Die Stellungnahme des UN-Sonderberichterstatters wirft nicht nur ein Licht auf den Fall des Klägers, sondern auch auf Tausende ähnlicher Fälle, die nach dem 15. Juli eingereicht wurden. Der Berichterstatter stellte fest, dass in den meisten dieser Fälle der individuelle kriminelle Vorsatz nicht geprüft wurde und die Urteile nach einer kollektiven Logik verhängt wurden.

In diesem Zusammenhang könnte das Urteil der Großen Kammer nicht nur über das Schicksal von Şaban Yasak entscheiden, sondern auch einen rechtlichen Wendepunkt für die Meinungsfreiheit, die Religionsfreiheit und das Recht auf ein faires Verfahren in der Türkei darstellen.
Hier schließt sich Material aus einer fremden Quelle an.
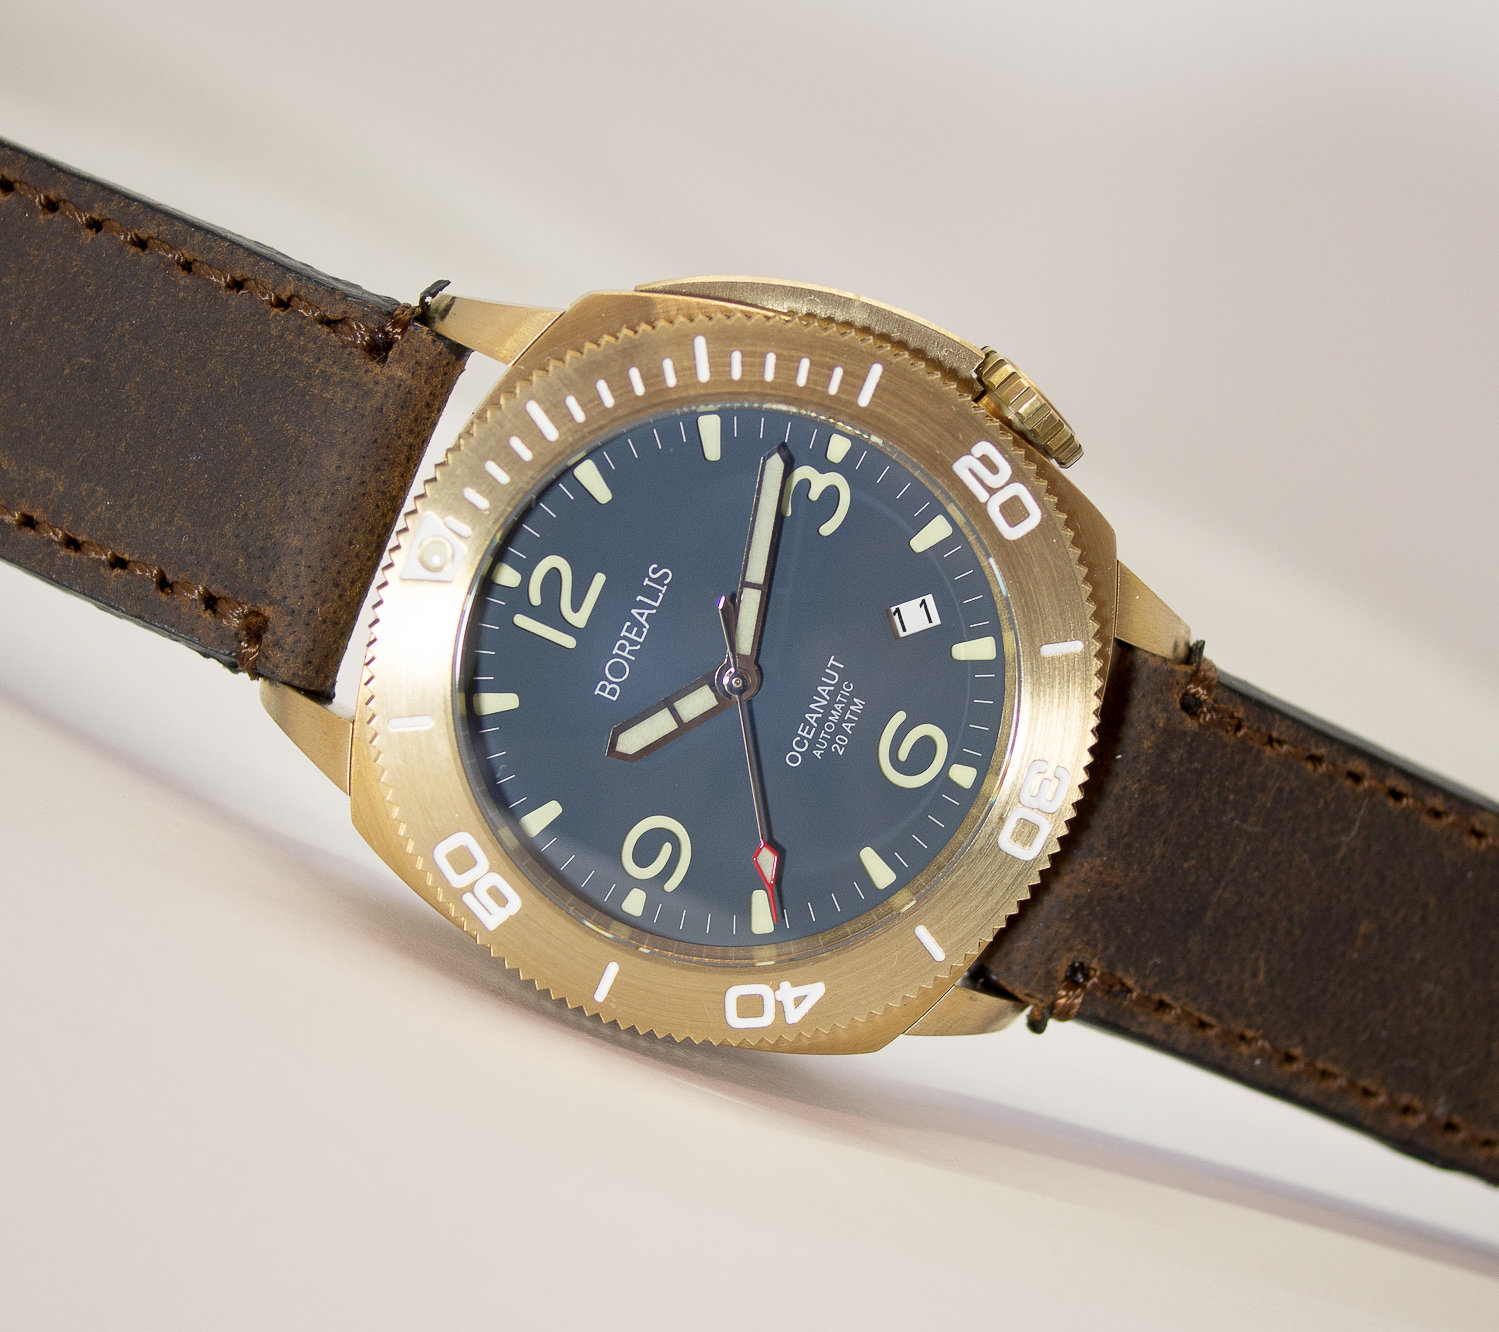 Borealis Oceanaut Aluminum Bronze Teal Blue Date 200m NH35 Automatic Diver Watch

Das vollständige Positionspapier finden Sie unter dem folgenden Link:

https://www.ohchr.org/sites/default/files/documents/issues/terrorism/sr/court-submissions/amicus-ecthr-yasak-v.-turkiye-un-sr-ct.pdf

097554080931910?t=d5Nwy3ghLDyc7C7OJ_LdBQ

Wie geht es weiter?

Die Parteien hatten 8 Tage Zeit, um zusätzliche Informationen vorzulegen. Nach Ablauf dieser Frist wird das Gericht sein Urteil in geheimer Sitzung verfassen. Es wird erwartet, dass das Urteil im Einklang mit dem Präzedenzfall Yalçınkaya verfasst und in kürzerer Zeit verkündet wird.

In diesem Fall geht es nicht nur um die Freiheit von Şaban Yasak; er hat das Potenzial, weitreichende Auswirkungen auf die Rechtsstaatlichkeit, die Unabhängigkeit der Justiz und den Schutz der Grundrechte in der Türkei zu haben. Das Eingreifen des UN-Sonderberichterstatters kann sicherstellen, dass dieser Prozess im Rahmen der internationalen Menschenrechtsnormen sorgfältiger geprüft wird.